I had set up what I was hoping to be a Walstad tank, but I messed up with the soil (put it straight into the tank and didn't mineralize it) and the substrate became anaerobic. That would explain why my plants just weren't growing at all.

So I'm going to tear it down again, and this time do it right... hopefully. I was curious if anyone here tried mineralizing their soil using this guide http://visual.ly/how-mineralized-soil-substrate. I never heard of dolomite or muriate of potash, so I'm not sure whether these are truly necessary. Also, my PH is like 7.6 so would dolomite be a huge no? I'm afraid it will raise it even more. And as far as muriate of potash goes, I plan on using it but is there a specific brand that I should stick with to make sure there's nothing else in it that will make it harmful to my aquarium?

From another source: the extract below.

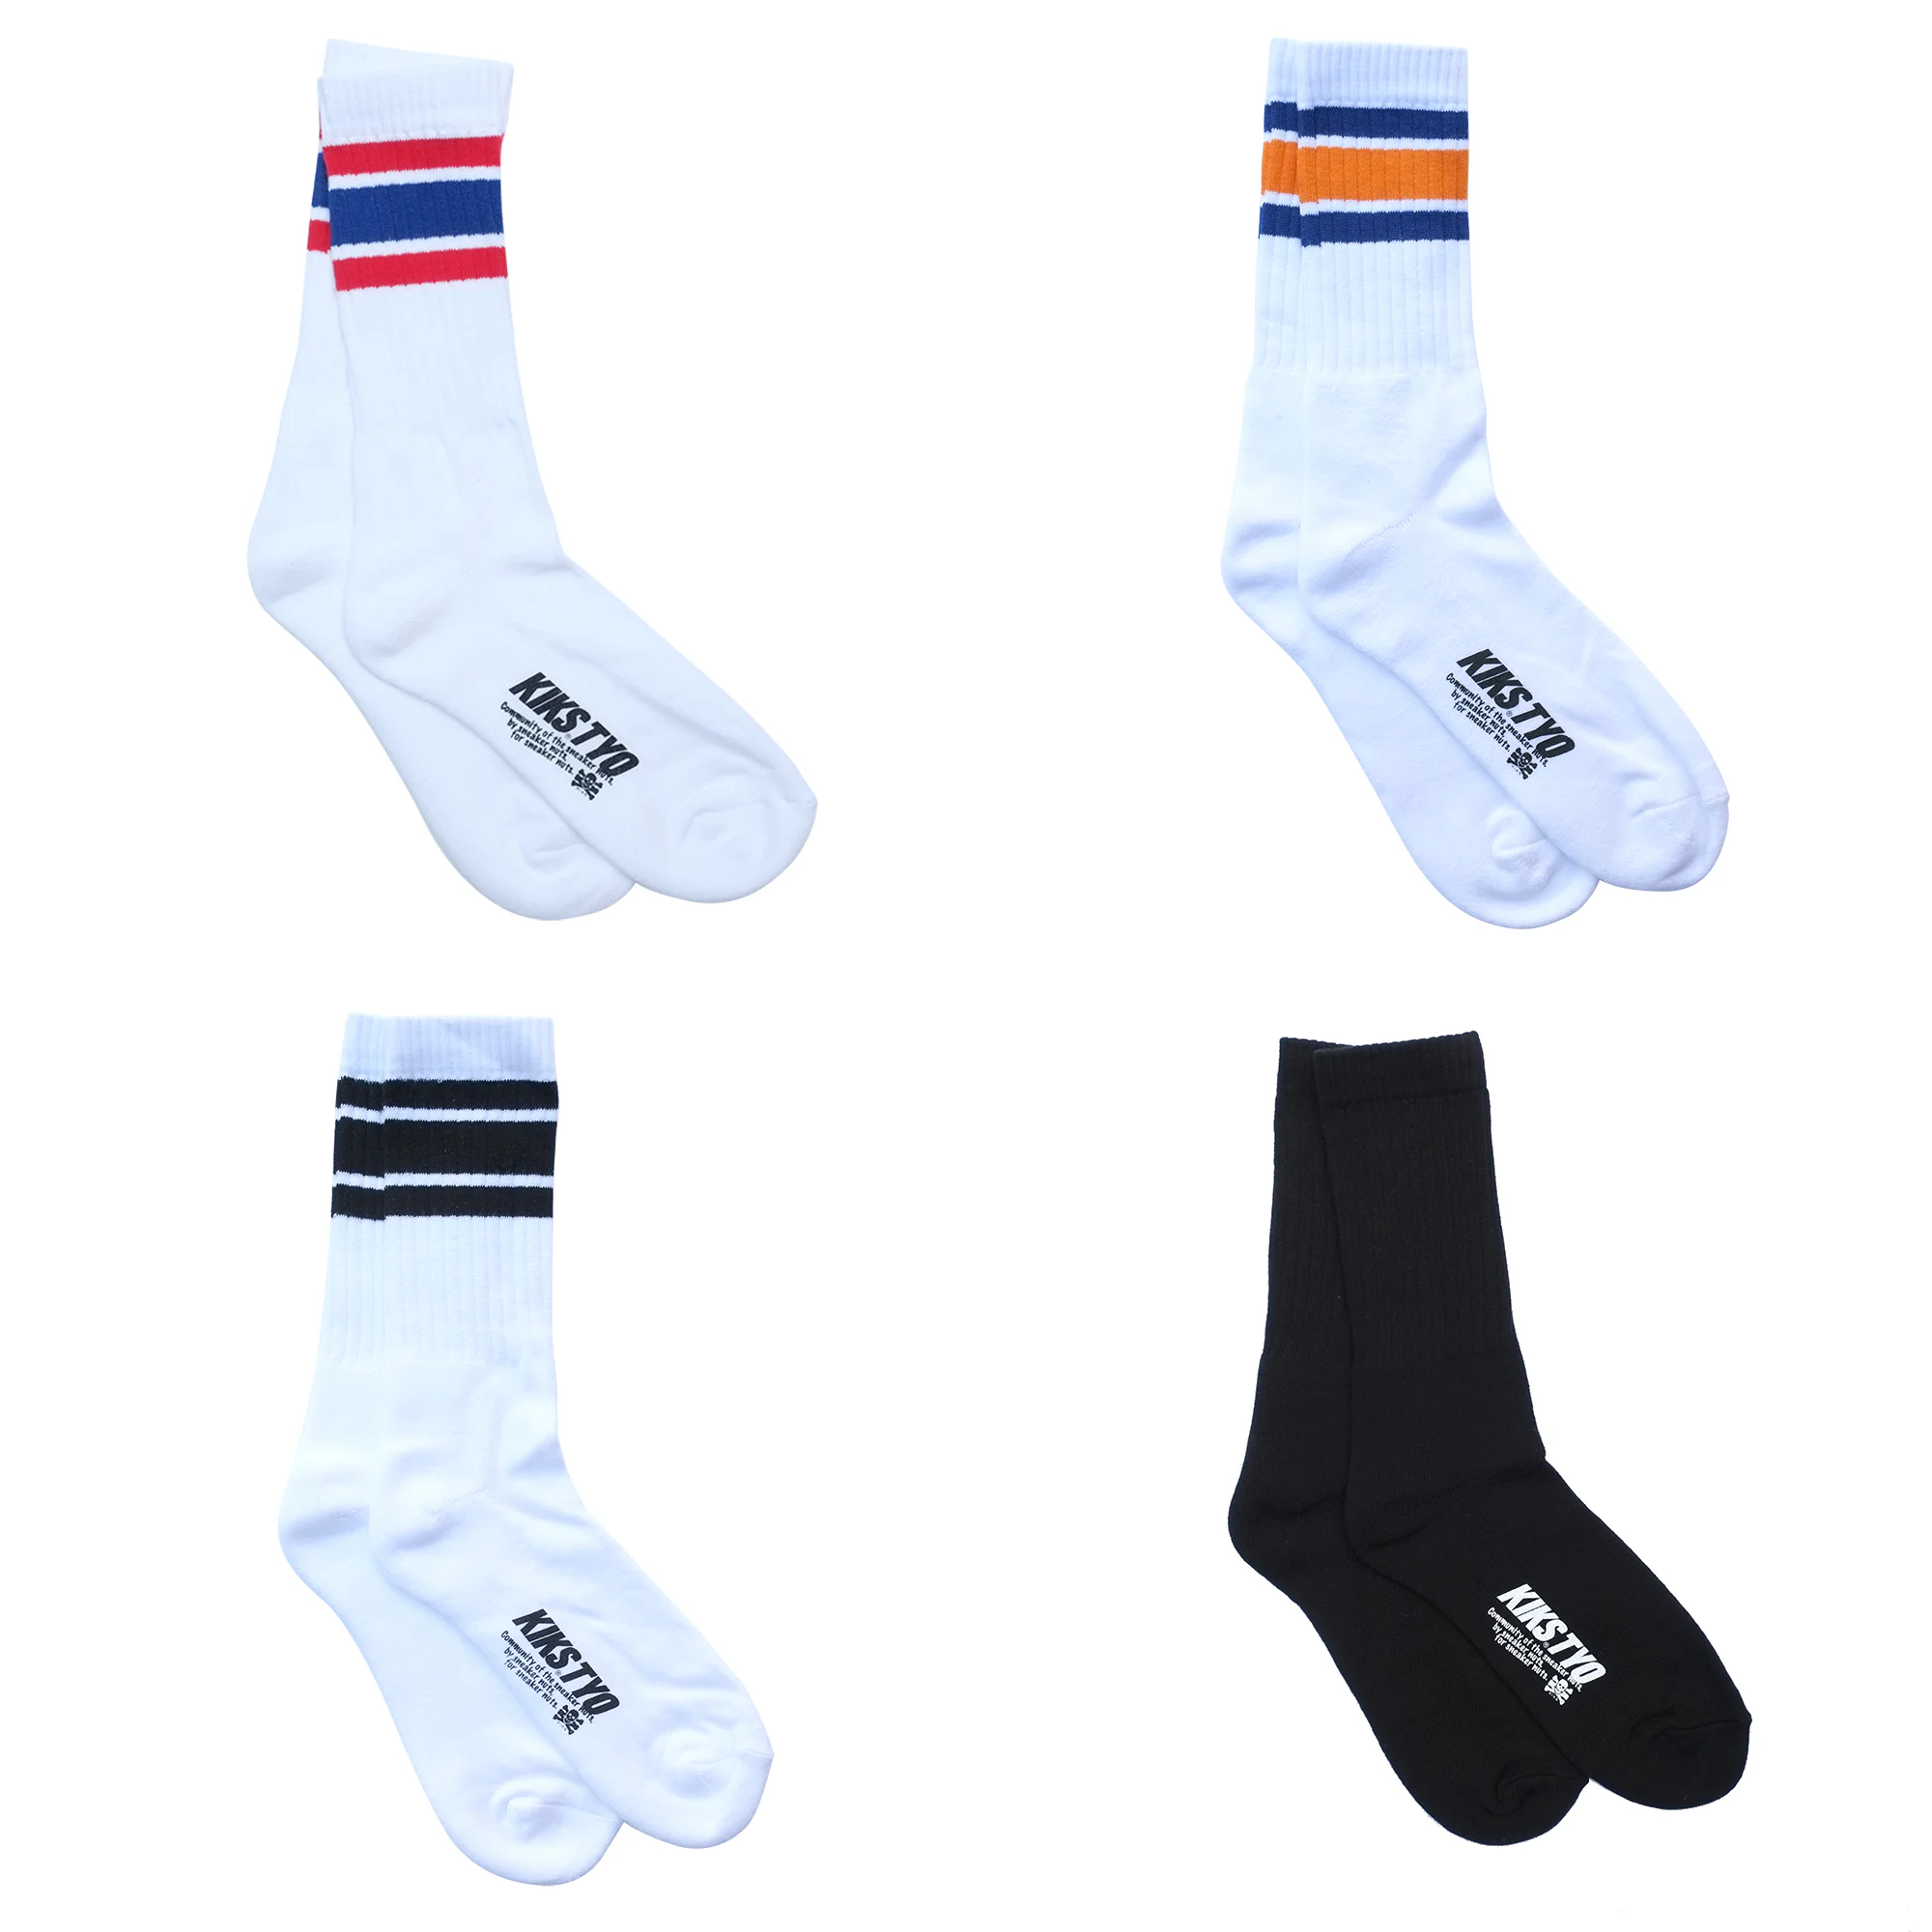 Variety Sock Bundle - 8 Pairs!

And as far as lighting goes, I had 4 13W CFL 6500k clip on lights over my 20 gallon long, but because I didn't set it up right the first time, my tank became overun with algae so I removed a light. However, I am finally upgrading to pressurized CO2 haillease bring beauty to my plants, dear CO2) so I'm thinking I should be fine algae wise, as long as I plant heavily from day 1. That'll put me at 52W over my 20G. Will that be considered somewhat "high tech" and will I have to dose ferts regardless if it's a dirted tank already with some added nutrients? I want good plant growth, but I want this to be a somewhat lower tech tank. I'm kinda hoping to just top of the water, and turn the CO2 on/off as my daily regime. I want to ditch the filter as well and make it become a little ecosystem with a proper balance. And I'm only adding CO2 because I've killed too many plants, and this is my final breaking point lol.

Oh, and I'm capping the dirt with Eco-Complete. I'm not a huge fan of it though... plus I think the nutrients may have run out. Will the dirt provide enough nutrients or should I be worried?

I'd appreciate any help. This is my final attempt at a planted aquarium and I'm literally going to try everything I can.


----------



## Skizhx (Oct 12, 2010)

To be fair, nowhere does Walstad talk about mineralizing the soil, so you didn't set it up wrong because of that. I don't personally mineralize because it seems like a lot of work and I don't see much point/never had a reason to.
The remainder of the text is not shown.